Under Obamacare, choices were limited in some states after health care giants Humana and United pulled out of the marketplace because they were, according to company representatives, losing money through marketplace plans.
Some Final Thoughts About the Obamacare Repeal and Replacement
The AHCA law presented by the House has some positive and negatives.
Lawmakers say the repeal of the mandate, income-specific tax credits and actuary requirements will lower premiums and make insurance more accessible to younger, healthier Americans.
Also, the CBO reports that the bill would save about $337 billion over the next 10 years.
Some critics of the bill say shifting tax credits from the old to the young will make health care unaffordable for poor families and older individuals who relied on substantial tax credits and cost-sharing subsidies.
Younger and Wealthier Americans Will Benefit
If there’s one theme our sources and experts, in general, have repeated, it’s that younger American’s will benefit from the new bill and older Americans will not.
Jeff Smedsrud, co-found of HeatlhCare.com and an insurance-industry veteran, summed it up well in an email to us.
“Under Obamacare, there were winners and losers. The Republican plan to replace the Affordable Care Act makes significant changes to who wins and who loses. The winners? Both the young and old who earn more than 400% of the federal poverty level. The losers? Lower income Americans of all ages.”
The New Law Keeps a Crucial Part of Obamacare
While experts have been widely divided on the effectiveness of the ACA, there is relative agreement that Obamacare offered one huge advancement to health care: pre-existing conditions can’t influence insurance plans.

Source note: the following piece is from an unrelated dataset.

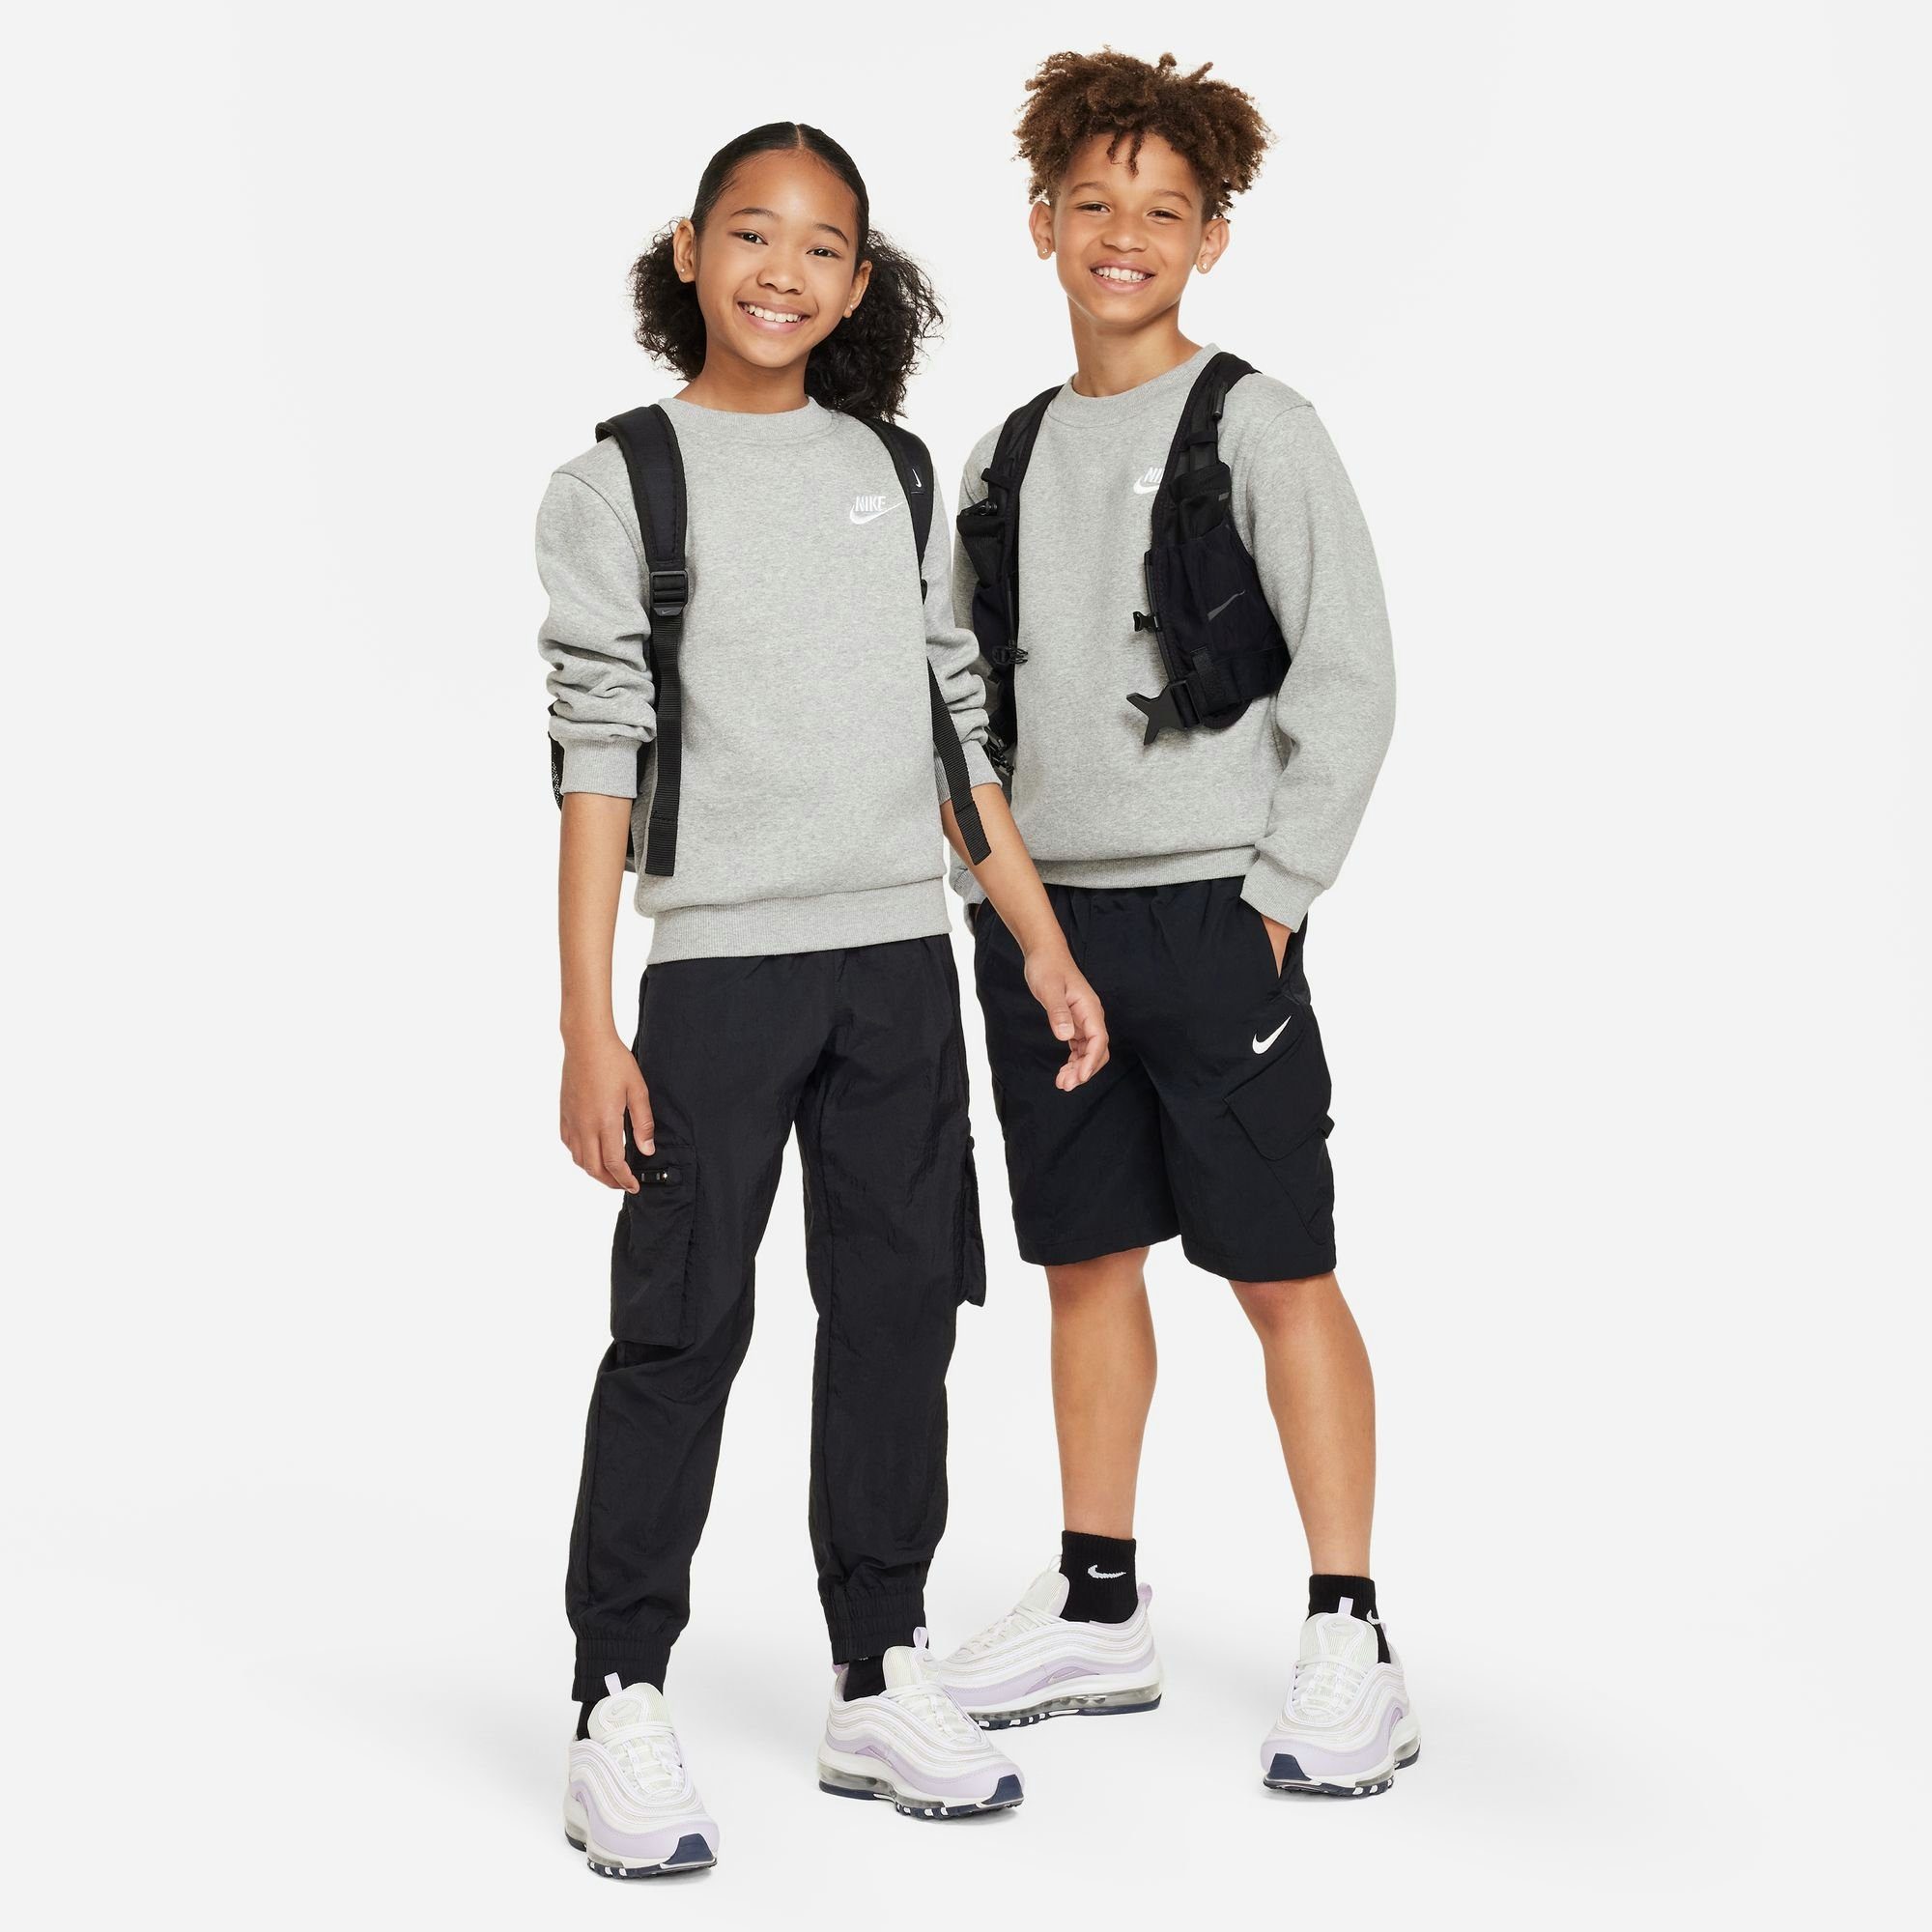 HEATHER/WHITE FLEECE CLUB Sportswear GREY SWEATSHIRT DK BIG Nike Sweatshirt KIDS'

Under the new law, insurers will continue to be prohibited from denying coverage or care to customers because of pre-existing conditions.
The Legislation Is Not Final
One thing to keep in mind about the AHCA is that what’s written today is not final. Over the past few weeks, the bill has undergone several changes.
For example, seniors with health care bills that hit 5.8% of their yearly income will get to deduct those expenses, whereas the threshold 10% under Obamacare.
We encourage you to follow along with the news of changes or updates to the plan, as those alterations could affect how much you’ll pay in premiums and taxes each year.